The petition and the supplemental and amended petition allege, in substance, that plaintiff's son-in-law and daughter were lessees of Hiern, the owner of the upper apartment identified by Municipal No. 2409 Leonidas Street; that plaintiff lives with them; that they moved into the apartment about December 1, 1951. On December 5th plaintiff was awakened in the early morning hours by the sound of wind and rain, and upon hearing a noise which sounded like the downstairs door slamming, she arose from bed intending to proceed down the stairs to close the door; that she opened an upstairs door and in 'attempting to step on what she thought to be a landing, she fell completely down the front stairs.' Plaintiff charges that the stairway is defective in several respects and not in conformity with the Building Code of New Orleans, and that her fall was caused thereby.

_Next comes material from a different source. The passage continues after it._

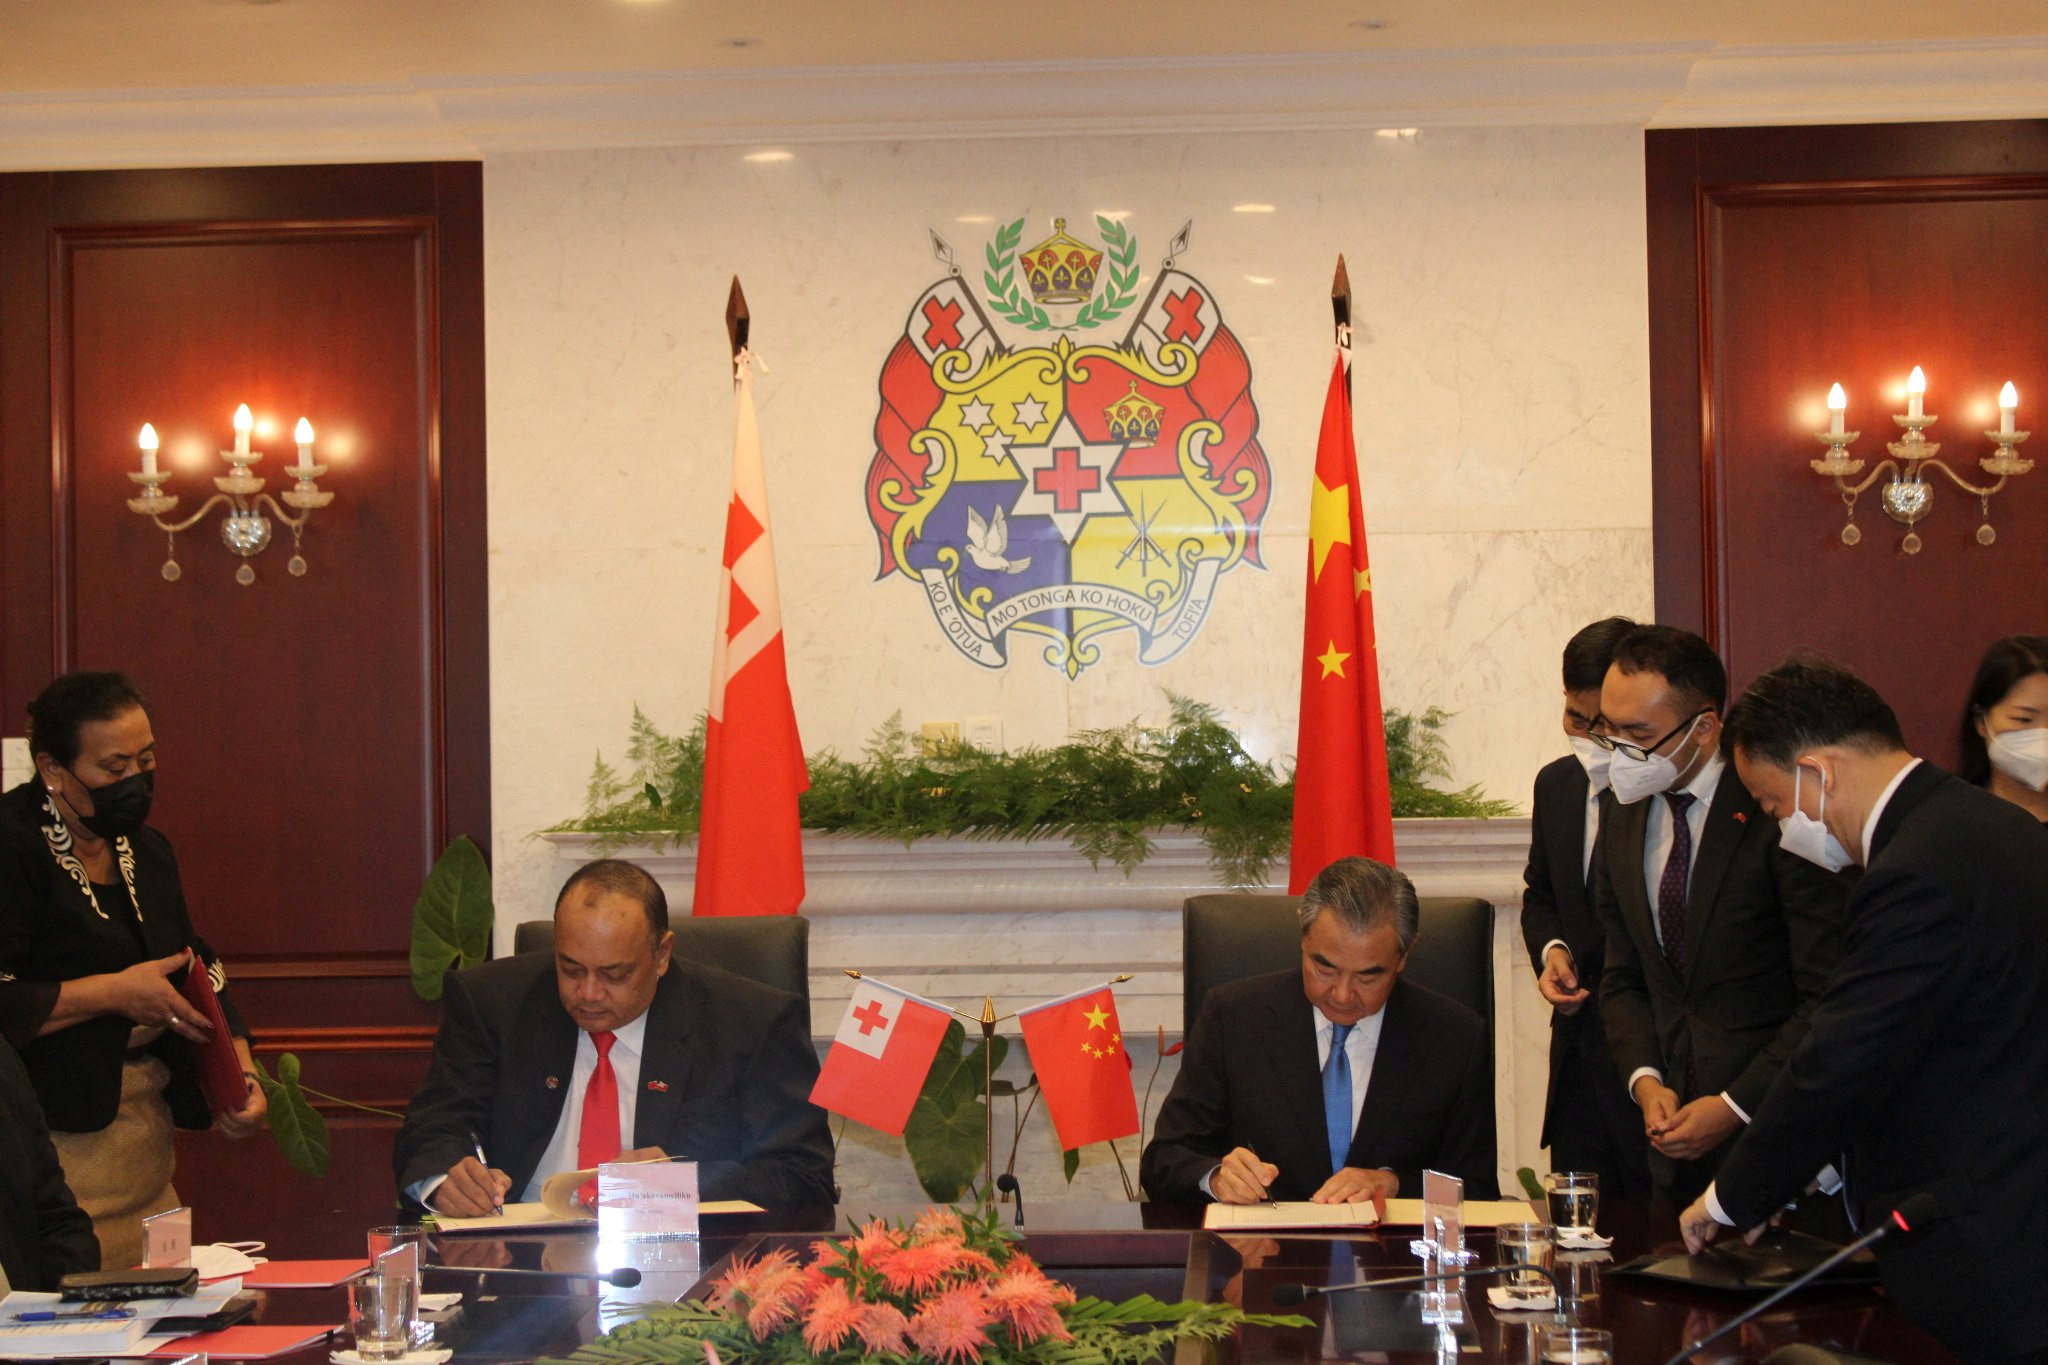 China's Foreign Minister Wang Yi visits Tonga

Defendants interposed an exception of no cause of action which was overruled by the trial court. Then answering they deny plaintiff was injured as a result of a fall on the stairway and also denied that the stairway was defective either in design or construction or that the alleged defects caused plaintiff to fall. They affirmatively aver that the stairway was constructed in accordance with the usual and customary standards prevailing in the City of New Orleans and in compliance with the New Orleans Building Code, and that the sole and proximate cause of the accident was plaintiff's own negligence in failing to pay proper heed while approaching a stairway and in failing to use the usual and ordinary care requisite when one descends a stairway. In the alternative, defendants plead that plaintiff was contributorily negligent in these respects.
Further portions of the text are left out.